From Bouvier's Law Dictionary, Revised 6th Ed (1856) :

  TACKING, Eng. law. The union of securities given at different times, so as 
  to prevent any intermediate purchasers claiming title to redeem, or 
  otherwise discharge one lien, which is prior, without redeeming or 
  discharging other liens also, which are subsequent to his own title. Jer. 
  Eq. Jur. B. 1, c. 2, Sec. 1, p. 188 to 191; 1 Story, Eq. Jur. Sec. 412. 

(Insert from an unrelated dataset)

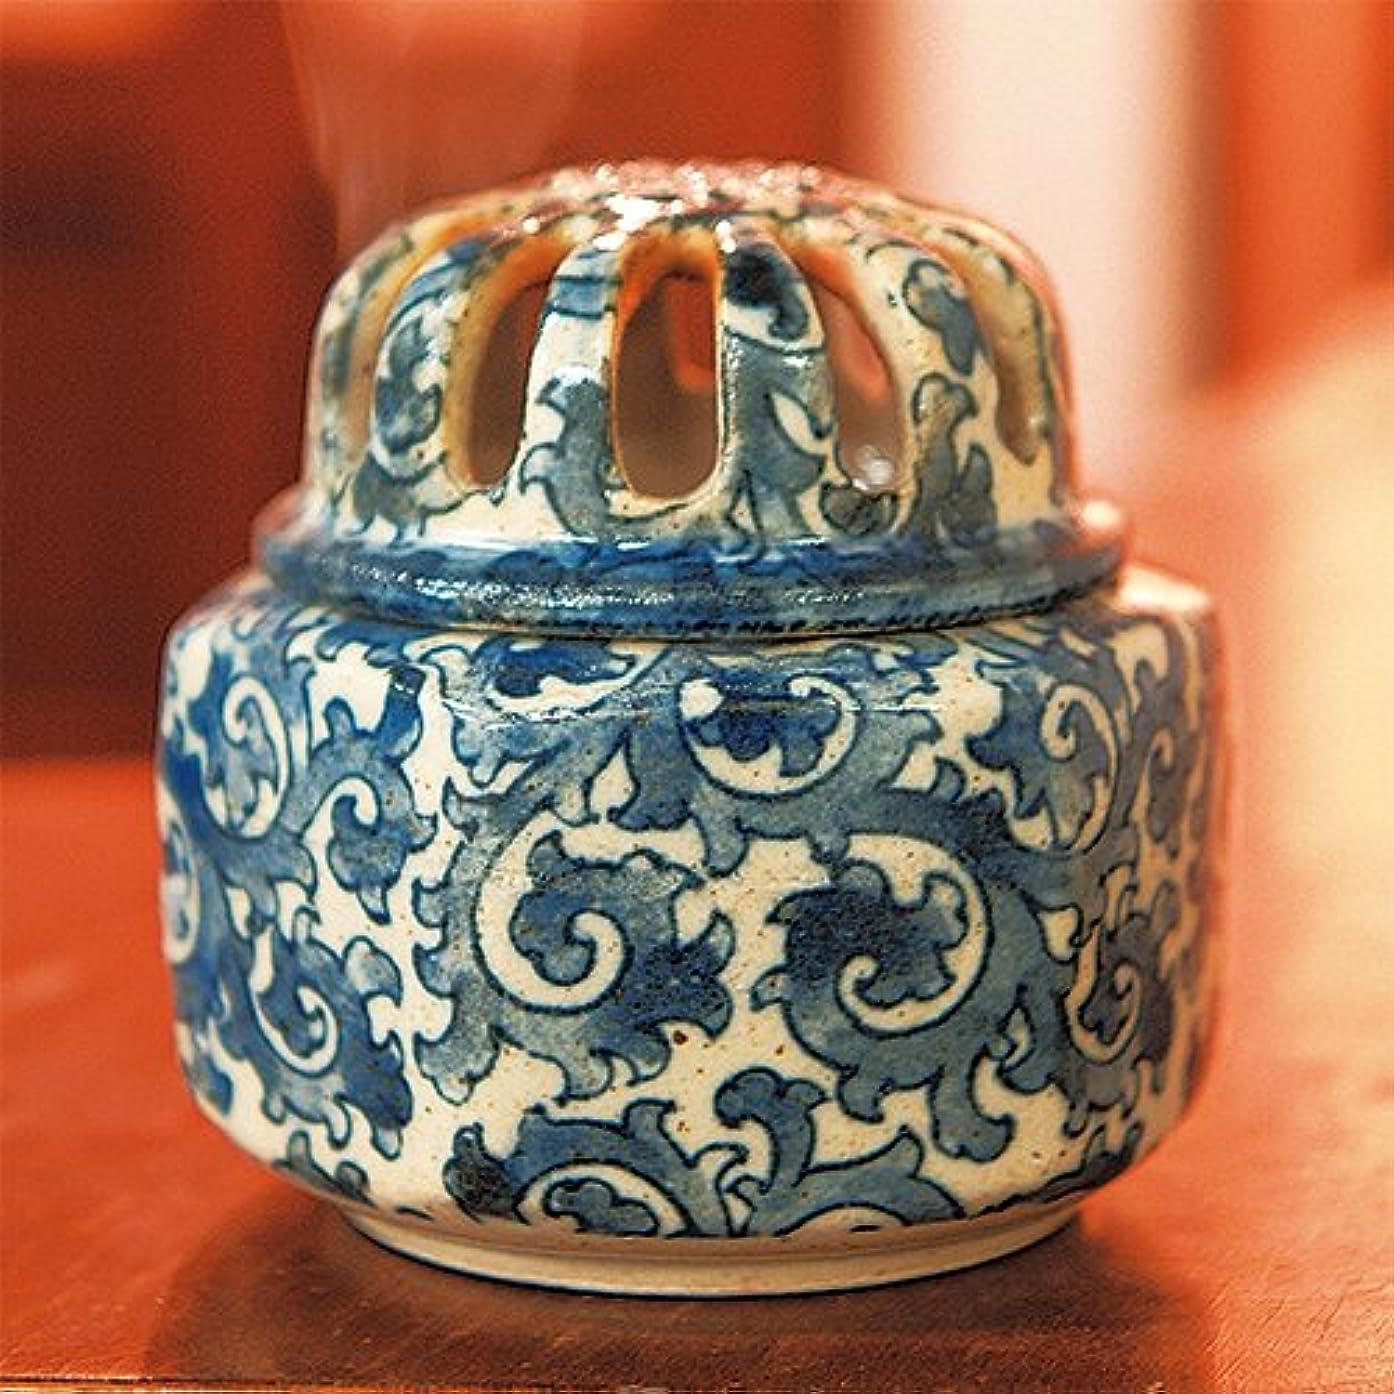 貼り直す厄介な推定する香炉 土物 タコ唐草 福香炉 [R8.8xH8.7cm] プレゼント ギフト 和食器 かわいい インテリア

       2. It is an established doctrine in the English chancery that a bona 
  fide purchaser and without any notice of a defect in his title at the time 
  of the purchase, may lawfully buy any statute, mortgage, or encumbrance, and 
  if he can defend by those at law, his adversary shall have no help in equity 
  to set those encumbrances aside, for equity will not disarm such a 
  purchaser. And as mortgagees are considered in equity as purchasers pro 
  tanto, the same doctrine has extended to them, and a mortgagee who has 
  advanced his money without notice of any prior encumbrance, may, by getting 
  an assignment of a statute, judgment, or recognizance, protect himself from 
  any encumbrance subsequent to such statute, judgment or recognizance, though 
  prior to his mortgage; that is, he will be allowed to tack or unite his 
  mortgage to such old security, and will by that means be entitled to recover 
  all moneys for which such security was given, together with the money due on 
  his mortgage, before the prior. mortgagees are entitled to recover anything. 
  2 Fonb. Eq. 306; 2 Cruise, t. 15, c. 5, s. 27; Powell on Morg. Index, h.t.; 
  1 Vern. 188; 8 Com. Dig. 953; Madd. Ch. Index, h.t. 
       3. This doctrine is inconsistent with the laws of the several states, 
  which require the recording of mortgages. Caines' Cas. Er. 112; 1 Hop. C. R. 
  231; 3 Pick. 50; 2 Pick. 517. 
       4. The doctrine of tacking seems to have been acknowledged in the civil 
  law, Code, 8, 27, 1; but see Dig. 13, 7, 8; and see 7 Toull. 110. But this 
  tacking could not take place to the injury of intermediate encumbrancers. 
  Story on Eq. Sec. 1010, and the authorities cited in the note.